Placed into service in 1919, the reservoir was created by two large earth-filled dams and two smaller dikes spanning gaps between hills. From 1920 to 1950 it was the main water storage facility for the western San Fernando Valley, primarily serving agricultural irrigation needs. During that period, dam improvements increased water capacity from the initial 7,400 acre-feet to 9,840 acre-feet. As the West San Fernando Valley shifted away from agriculture toward suburban housing, reservoir use shifted toward domestic water supply, requiring reservoir improvements to address water quality issues related to storm water runoff, algae and aquatic plant growth in shallow bays, and wind-propelled waves which stirred up mud. Construction related to these improvements began in the spring of 1969.
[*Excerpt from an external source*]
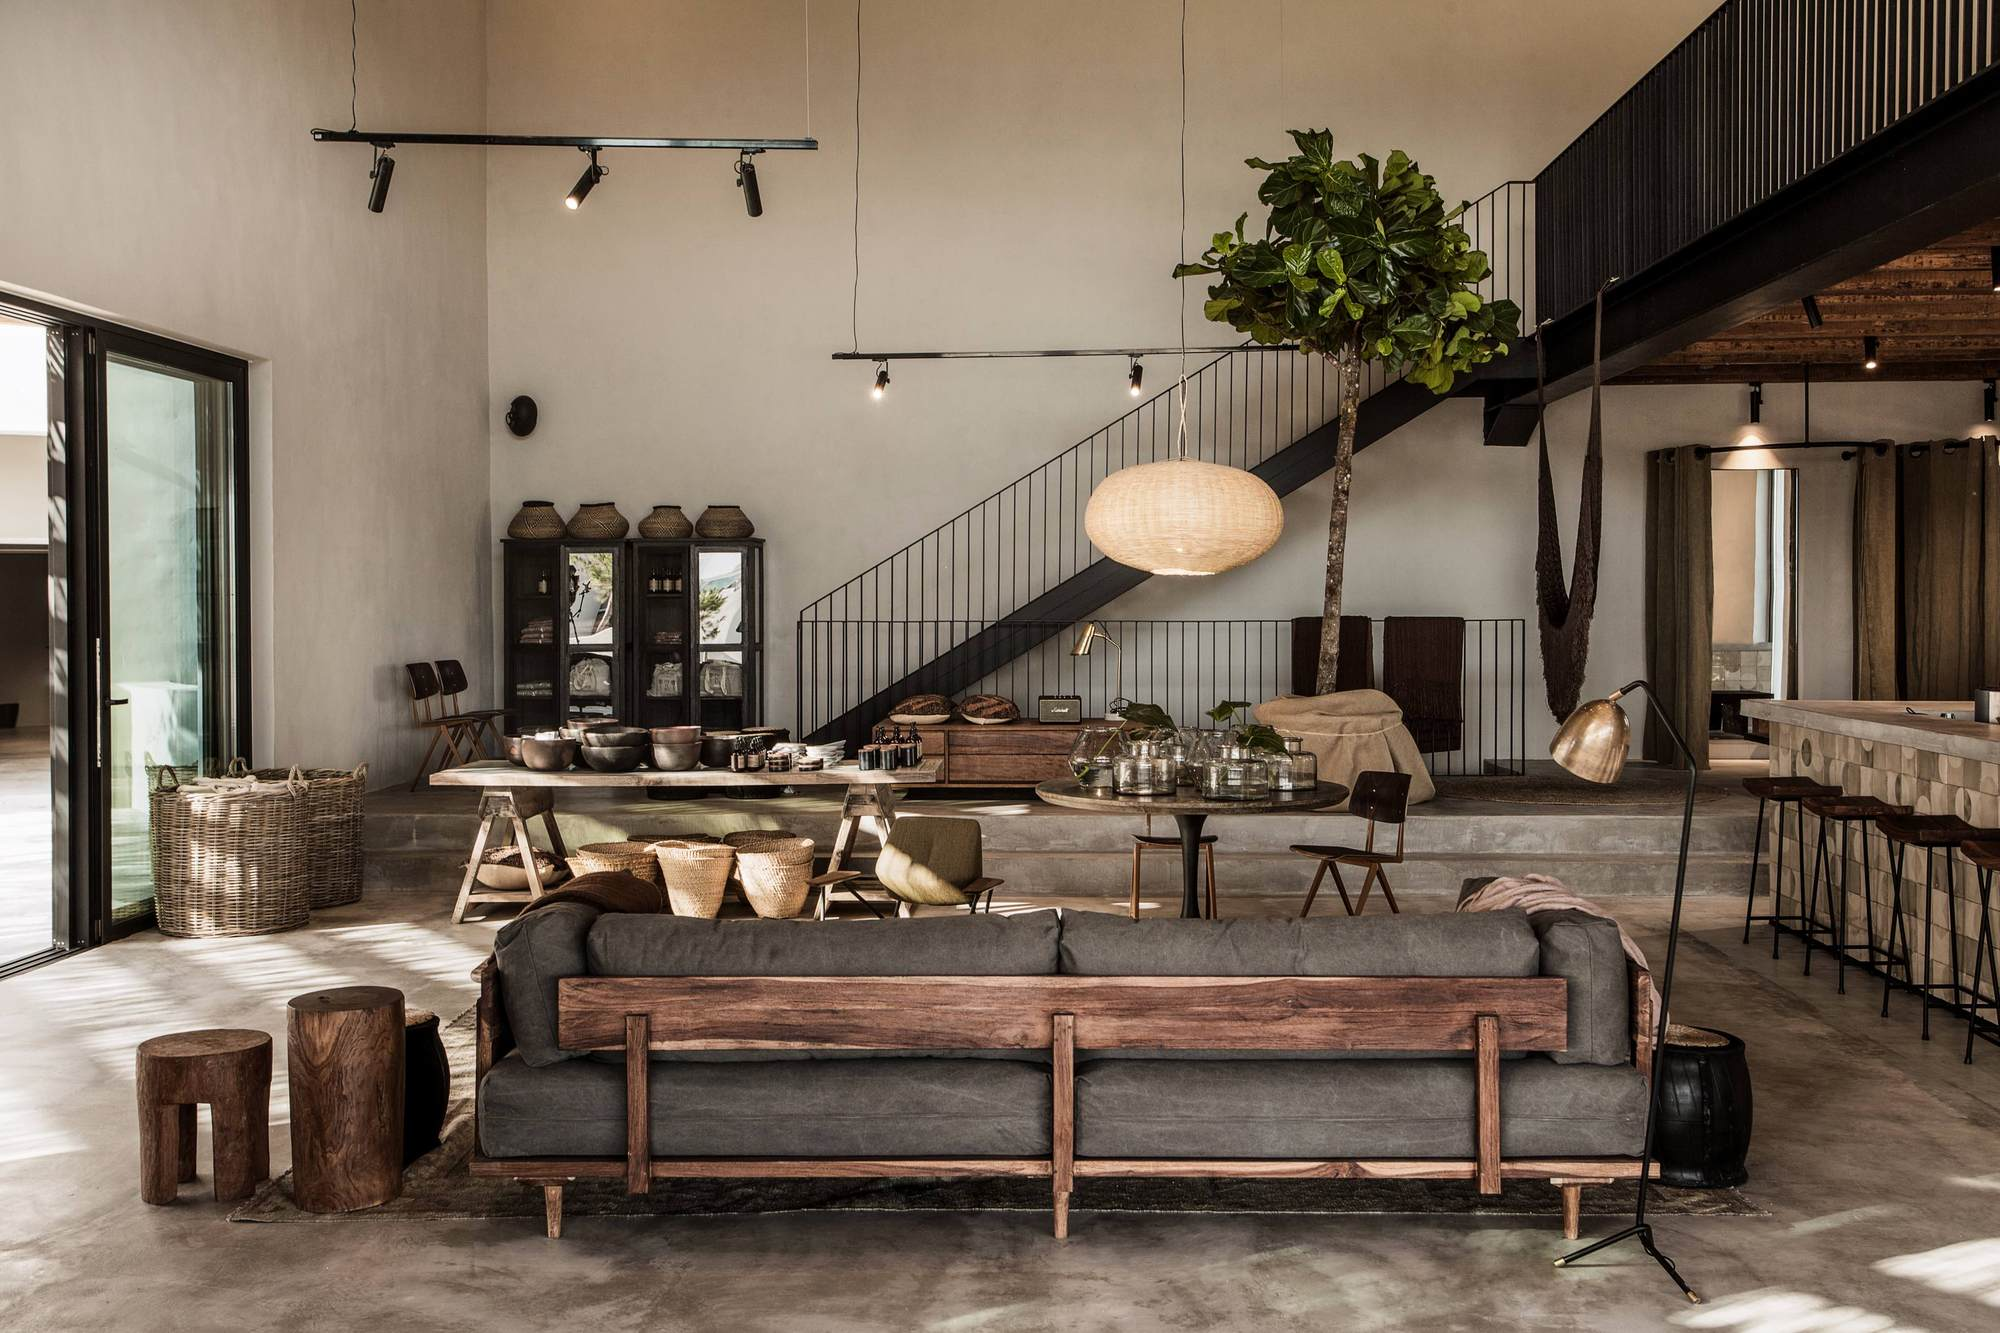 gallery of casa cook kos hotel mastrominas architecture 25. Black Bedroom Furniture Sets. Home Design Ideas

After the 1971 San Fernando earthquake, the California Department of Water Resources Division of Safety of Dams directed a stability investigation of all hydraulic-fill dams in California, including the Chatsworth Reservoir dams. The analysis determined that the Chatsworth dams would have to be completely rebuilt in order to be safe during a major earthquake. In 1972 the reservoir was drained and taken out of service. No schedule for reconstructing the Chatsworth Reservoir has been established.

===Film history===
The CNP was a popular filming location, as was true for several neighboring areas and ranches. The locale's rugged rock outcroppings, boulders, canyons, majestic oak trees, grasslands and lake featured prominently in "B" westerns. Movies filmed on the land now designated as the CNP include The Ten Commandments, Donovan's Brain, The Palomino, Susanna Pass, Sioux City Sue, Man from Rainbow Valley, Out California Way, Home on the Range, Hell's Angels, Tess of the Storm Country, Three Word Brand, and The Karate Kid. Television shows filmed there include The Adventures of Rin Tin Tin, Rin Tin Tin II, and The Dukes of Hazzard.